- **WORKING DATA**
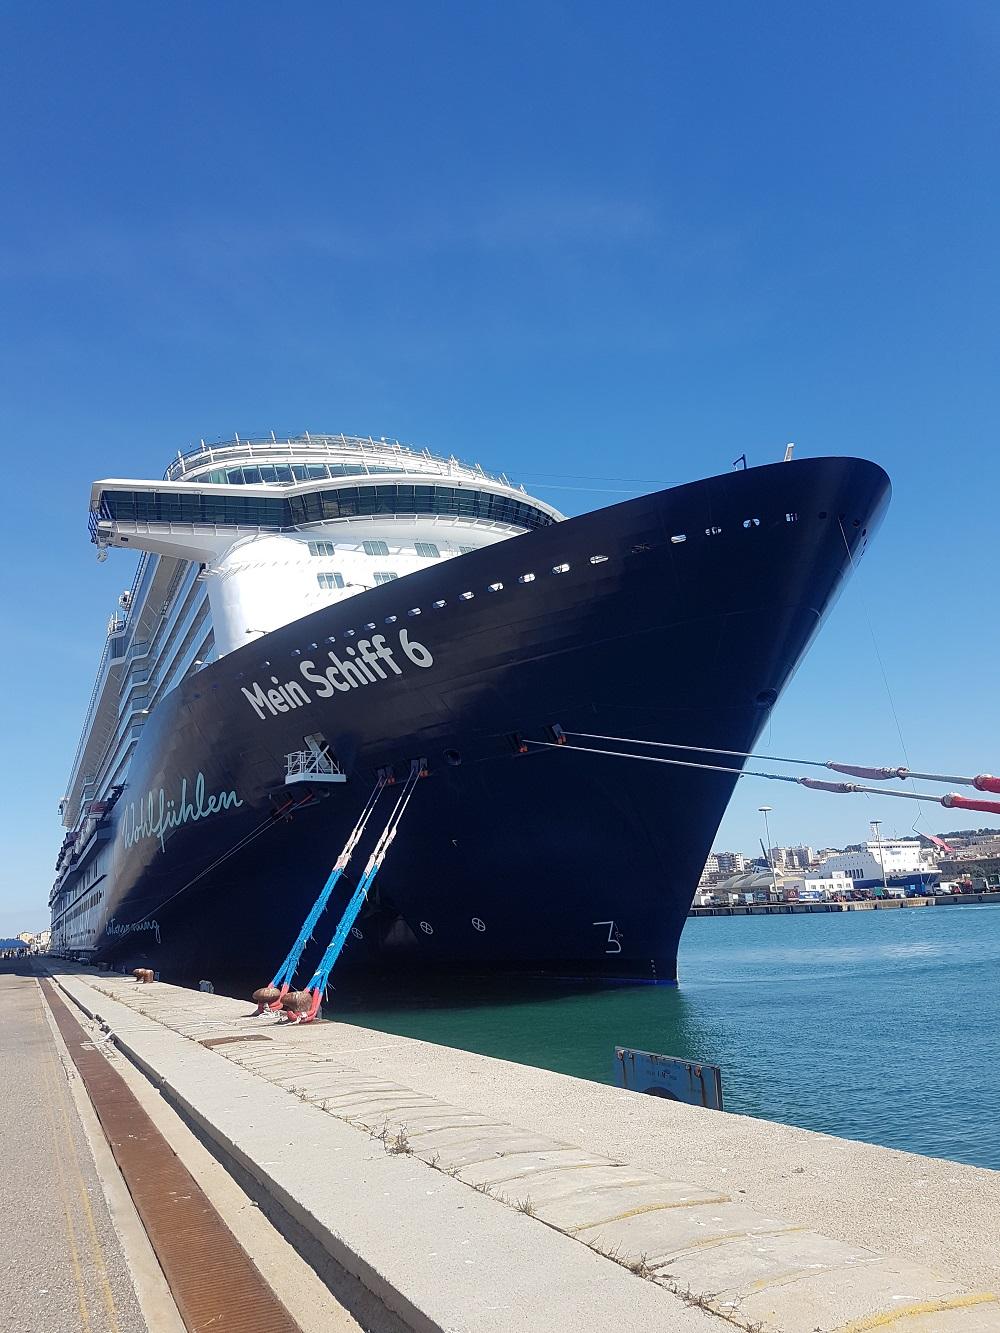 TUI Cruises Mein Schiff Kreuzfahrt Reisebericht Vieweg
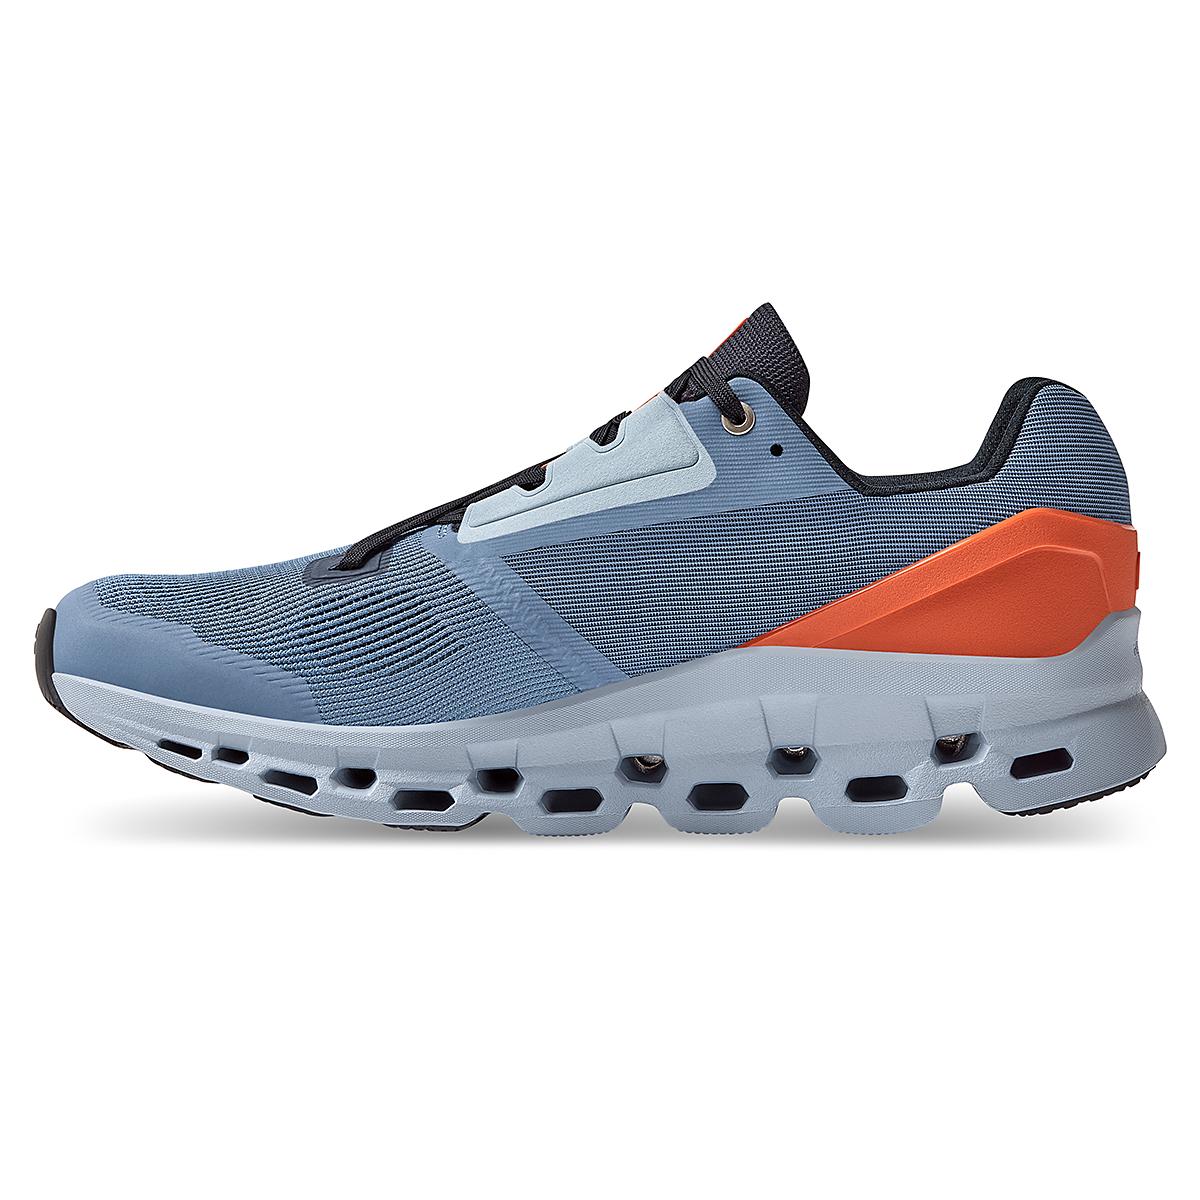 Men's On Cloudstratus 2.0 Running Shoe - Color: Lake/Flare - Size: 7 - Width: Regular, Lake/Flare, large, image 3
...
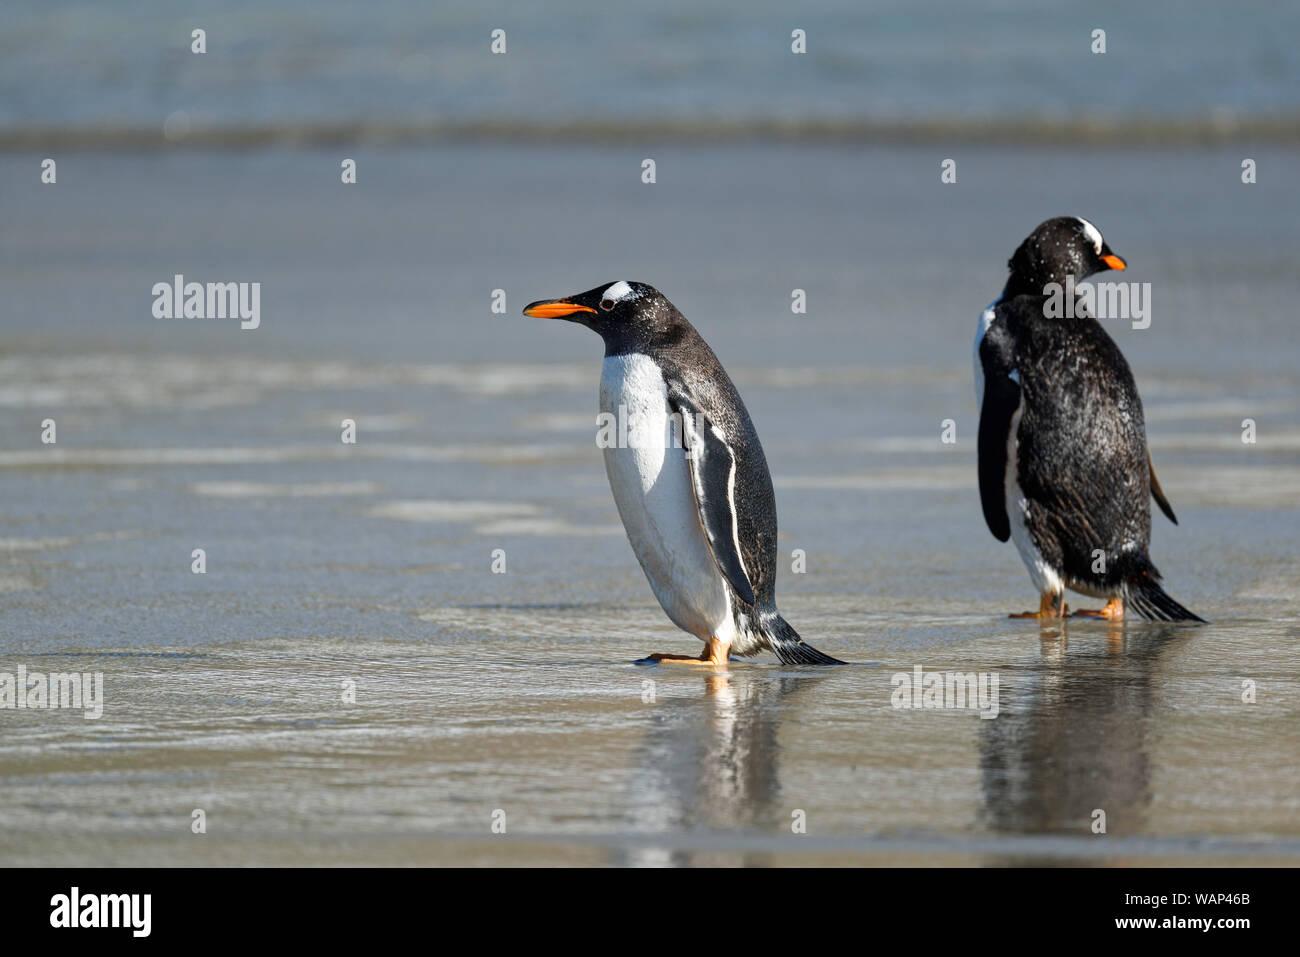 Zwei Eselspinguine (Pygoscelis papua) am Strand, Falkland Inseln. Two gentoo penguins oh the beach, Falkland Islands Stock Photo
--
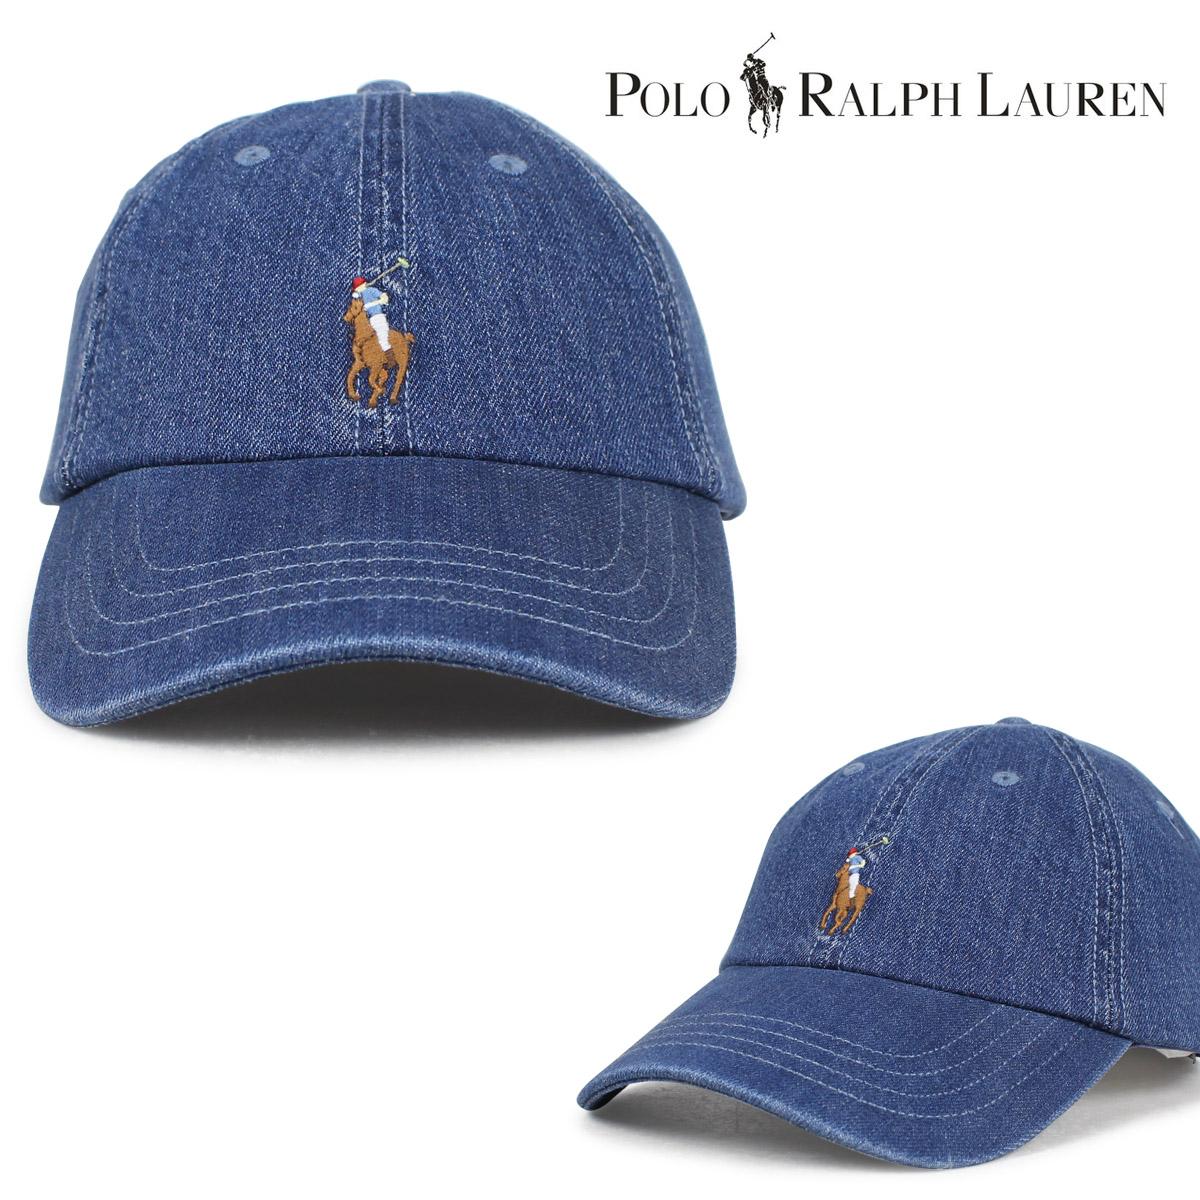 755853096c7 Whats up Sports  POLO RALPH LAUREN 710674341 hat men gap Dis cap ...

- **TASK DETAILS**
With the pictures removed, print only the lines starting at the line that has "TUI Cruises Mein" and ending at the line that has "Men's On Cloudstratus", both ends included, exactly as they stand above.

- **WRITTEN ANSWER**
 TUI Cruises Mein Schiff Kreuzfahrt Reisebericht Vieweg
 Men's On Cloudstratus 2.0 Running Shoe - Color: Lake/Flare - Size: 7 - Width: Regular, Lake/Flare, large, image 3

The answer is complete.